Строгий талант. | СОВРЕМЕННИКИ


СОВРЕМЕННИКИ



ГОРЬКИЙ
Ранней весной 1900 года Художественный театр давал спектакли в Ялте для Чехова — «Эдду Габлер» Ибсена, «Одиноких» Гауптмана, «Чайку» и «Дядю Ваню».
Бунин жил тоже в Ялте, дневал и ночевал у Чехова в его белой ауткской даче, шутил в обществе Мамина-Сибиря-ка, Станюковича, Куприна, Телешова, виртуозно изображая в лицах общих знакомых, и до слез смешил знаменитого хозяина. За шуткой он скрывал не отпустившую еще боль: в памяти слишком свеж был разрыв с красавицей гречанкой Анной Цакни, его первой женой. Как-то гуляя по ялтинской набережной, Бунин увидел Чехова с высоким, худощавым и рыжеватым мужчиной с зеленоватыми глазами, в крылатке и широкополой шляпе.
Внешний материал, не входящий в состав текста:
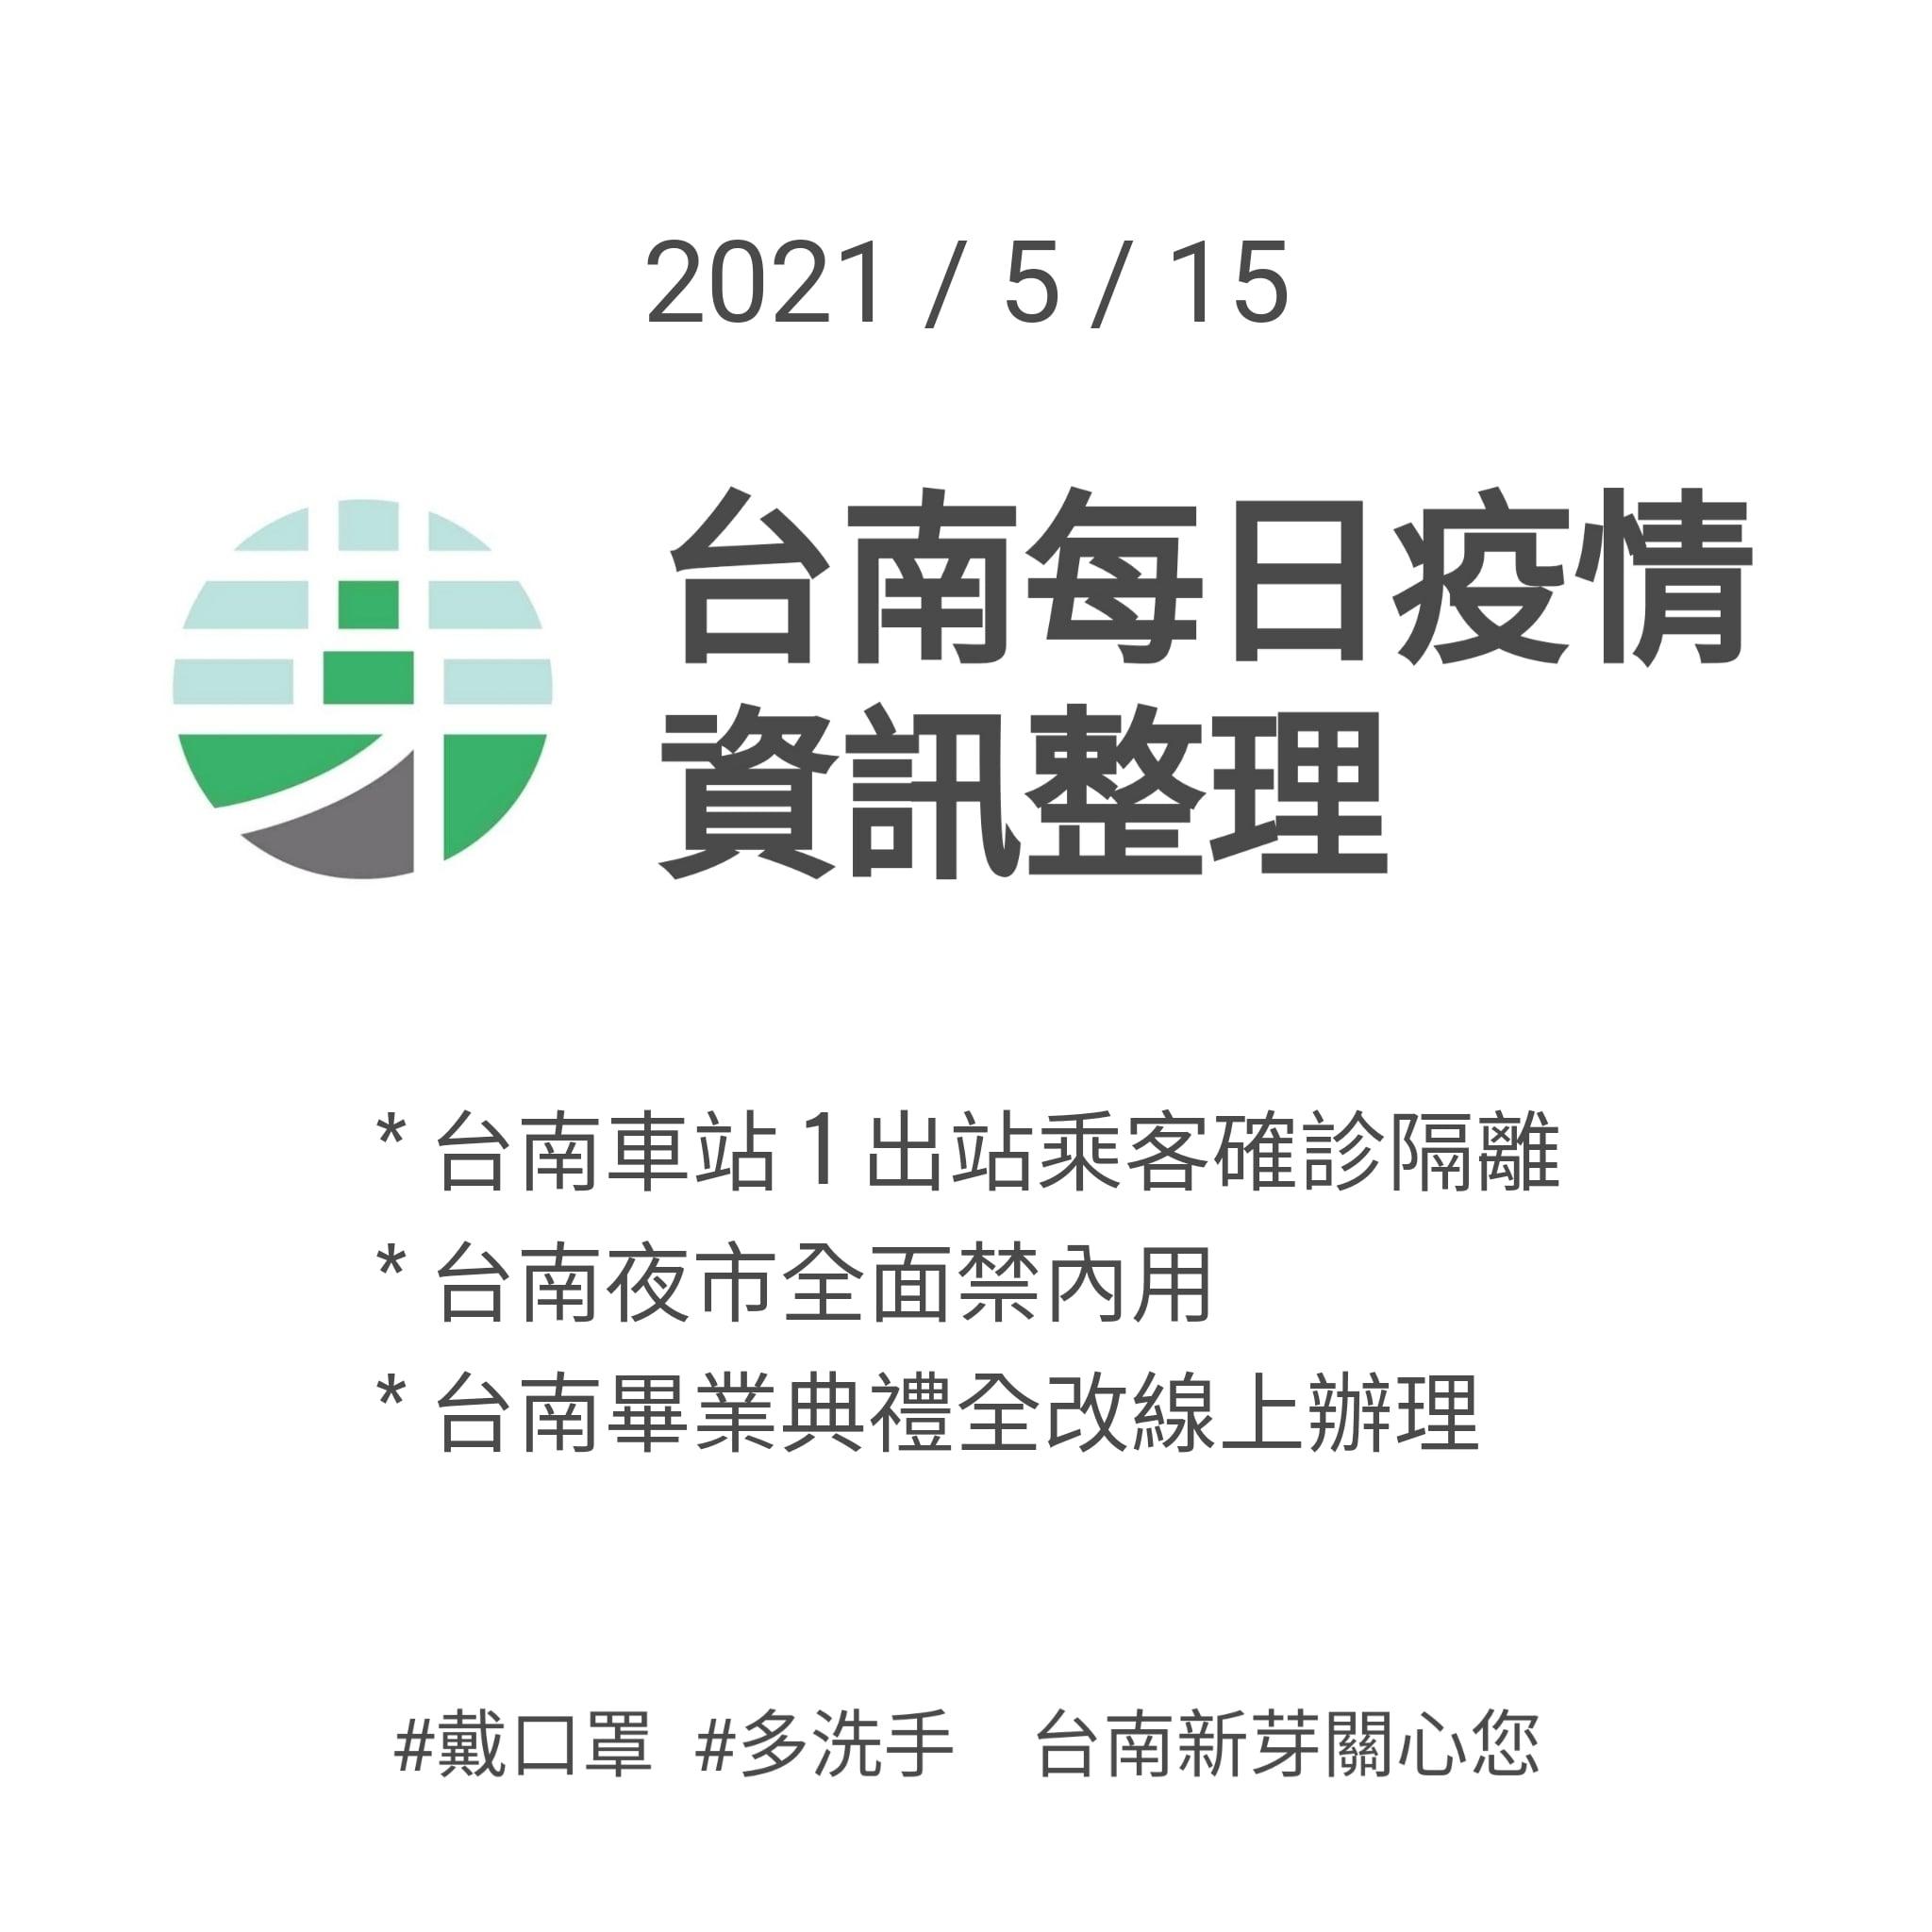 台南新芽-疫情期間為地方做的事
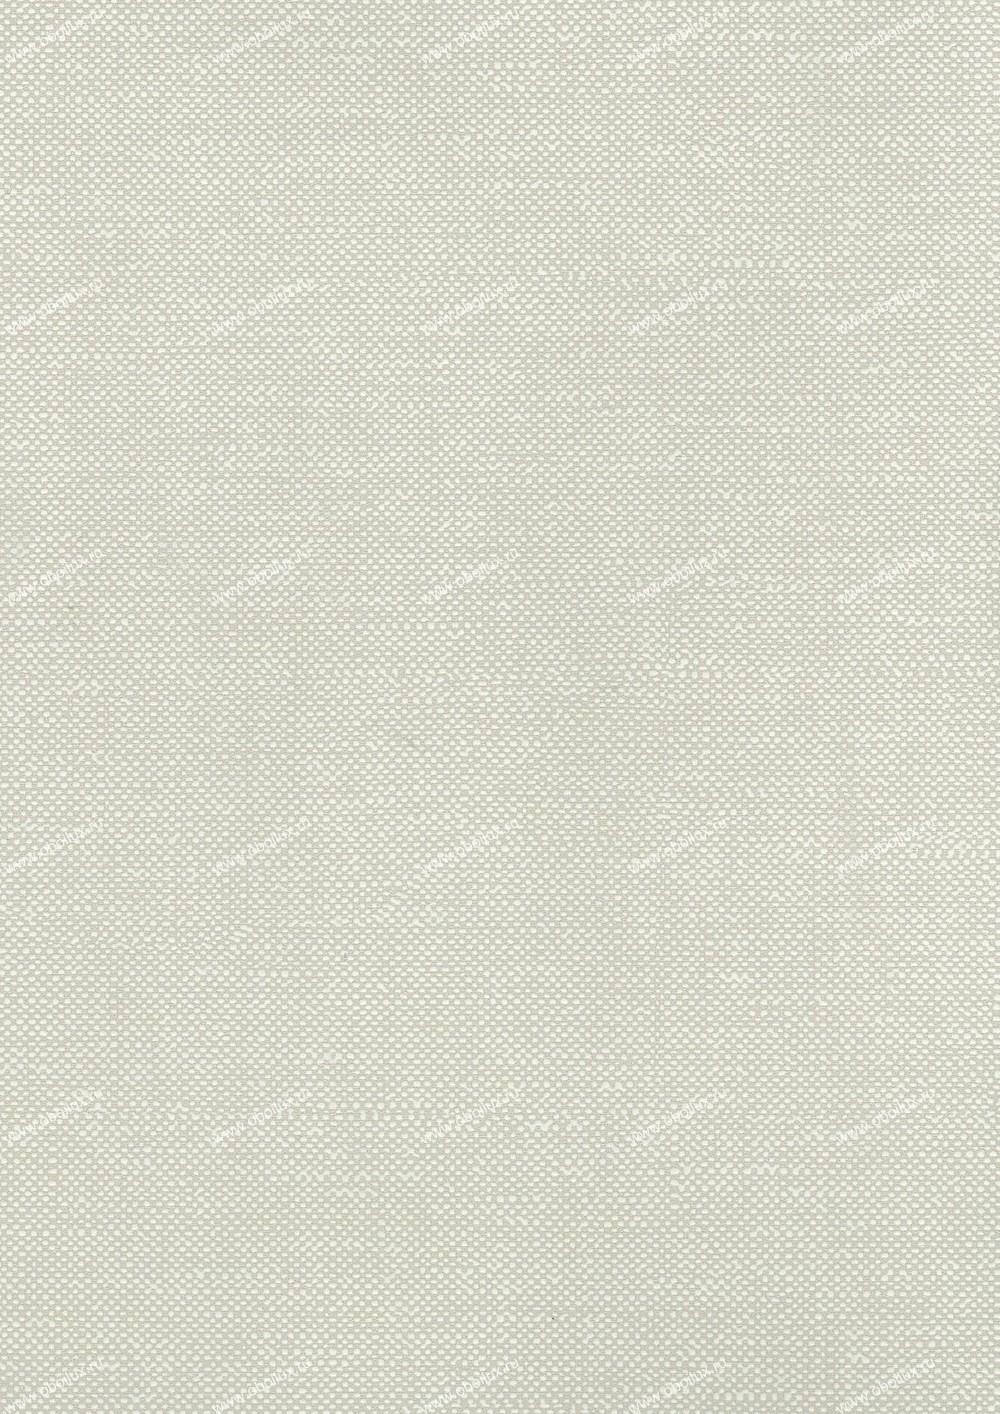 Английские обои Osborne & Little,  коллекция Rabanna, артикулW6343-03

Чехов познакомил Бунина с Горьким, рассказывавшим в этот день что-то героическое, былинное о волжских богачах из купцов и крестьян.
Проводив Чехова, поехавшего к себе в Аутку, Горький пригласил Бунина зайти к нему, в скромную комнату на Ви-ноградской улице, и, неловко улыбаясь, показал карточку жены с ребенком на руках, потом кусок голубого шелка:
— Это, понимаете, я на кофточку ей купил... этой самой женщине... Подарок везу...
«Чуть не в тот же день между нами возникло что-то вроде дружеского сближения...» — вспоминал Бунин. С застенчивым восхищением Горький сказал ему:
— Вы же последний писатель от дворянства, той культуры, которая дала миру Пушкина и Толстого!
Однако помимо возникшей тогда же обоюдной симпатии имелись и другие, объективные предпосылки, способствовавшие развитию их отношений. Они раскрываются в переписке Горького и Бунина.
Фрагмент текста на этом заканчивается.